Updated 19 October 2020
At the 2020 United Nations General Assembly, Bangladesh once again stated its concern at landmines laid by Myanmar along its shared border with Bangladesh. Bangladesh is a state party to the 1997 Mine Ban Treaty (Ottawa Convention) banning use, production or stockpiling of antipersonnel landmines.
On 14 October 2020, H.E. Ms. Rabab Fatima, Ambassador and Permanent Representative of Bangladesh to the United Nations in New York, at the General Debate of the First Committee of the 75th General Assembly, delivered the following statement.
“As a State party to the Ottawa Convention, Bangladesh remains concerned over the continued use of anti-personnel mines, including by neighboring Myanmar.
Since 2017, we drew the Committee’s attention to the use of anti-personnel mines by the Myanmar authority against their own people, including the forcibly displaced Rohingya community who took shelter in Bangladesh fleeing persecution. The report of the Independent International Fact-Finding Mission repeatedly mentioned Myanmar’s extensive “use of landmines at the border”. This is one of the reasons preventing voluntary repatriation of the Rohingyas.
Unfortunately, outright denial to such a fact-based report remains the only response from Myanmar.
We reiterate our call to the Myanmar authorities to take urgent necessary steps to ensure mine clearance, declare a moratorium on the production of landmines, and end civilian casualties.“
On 19 October, Mr. Khant Ko Ko, Second Secretary of the Permanent Mission of the Republic of the Union of Myanmar to the United Nations in New York, at the General Debate of the First Committee of the 75th General Assembly, delivered the following statement.

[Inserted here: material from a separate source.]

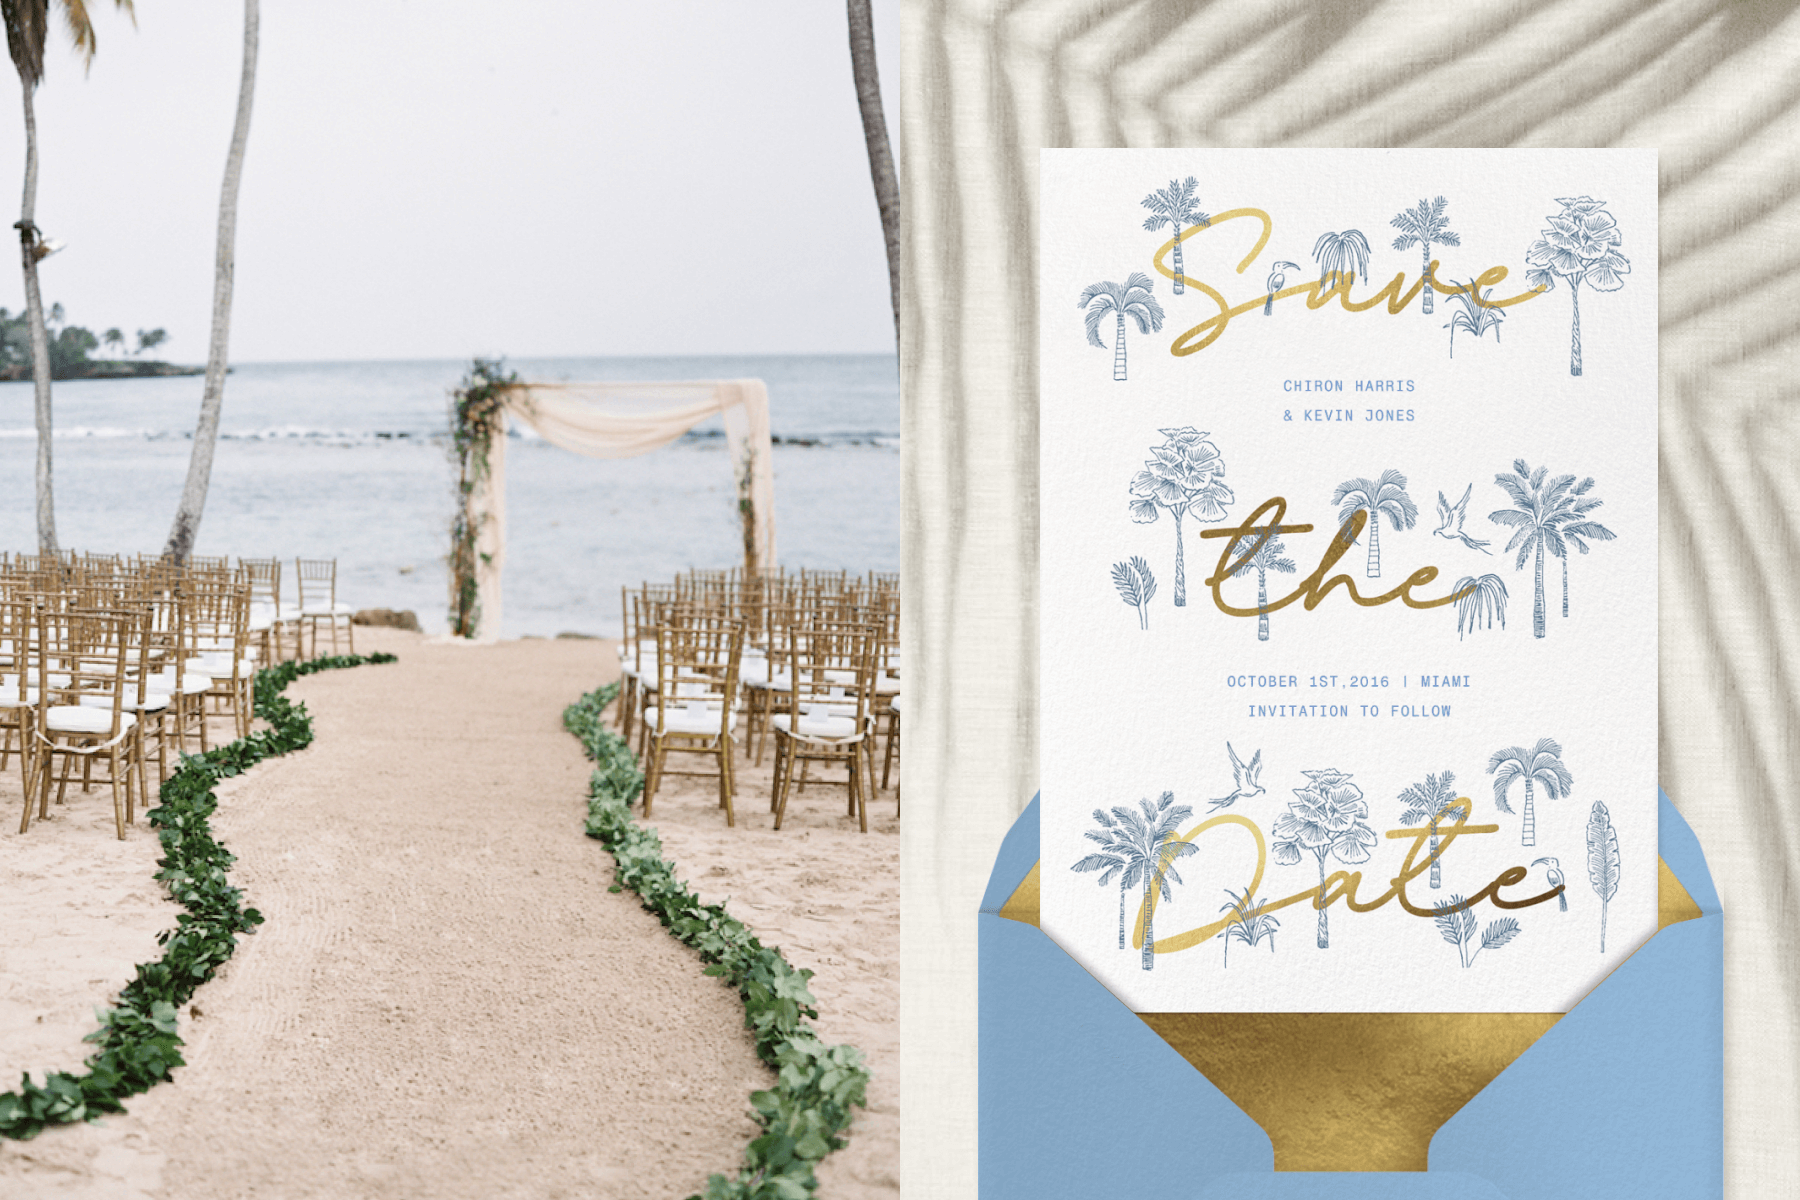 Left: An altar is set for a tropical beach wedding ceremony, with a path created on the sand using leafy boughs, chairs on each side, and a fabric-draped arch. Right: A white card with “save the date” written in large gold script and small illustrations in blue of palm trees, tropical plants, and parrots, emerging from a blue envelope with gold liner.

We have been actively facilitating the return of the displaced persons and measures we have taken for this have been made well known to the international community and Bangladesh.
It is irrational and irresponsible to suggest that Myanmar government is hindering their return by planting landmines at the border. We categorically reject such accusations.
The displaced persons are supposed to return to Myanmar through designated reception centers at the immediate border, which is also in line with the bilateral agreement. And the idea of planting a single landmine in these closely-monitored surroundings is totally absurd and imaginary.
Although bilateral repatriation has not yet started, more than 350 displaced persons from Cox’s Bazar camps have returned to Rakhine State on their own volition through unofficial channels. In this connection, there have been no reports of those returnees falling victims to landmines inside Myanmar.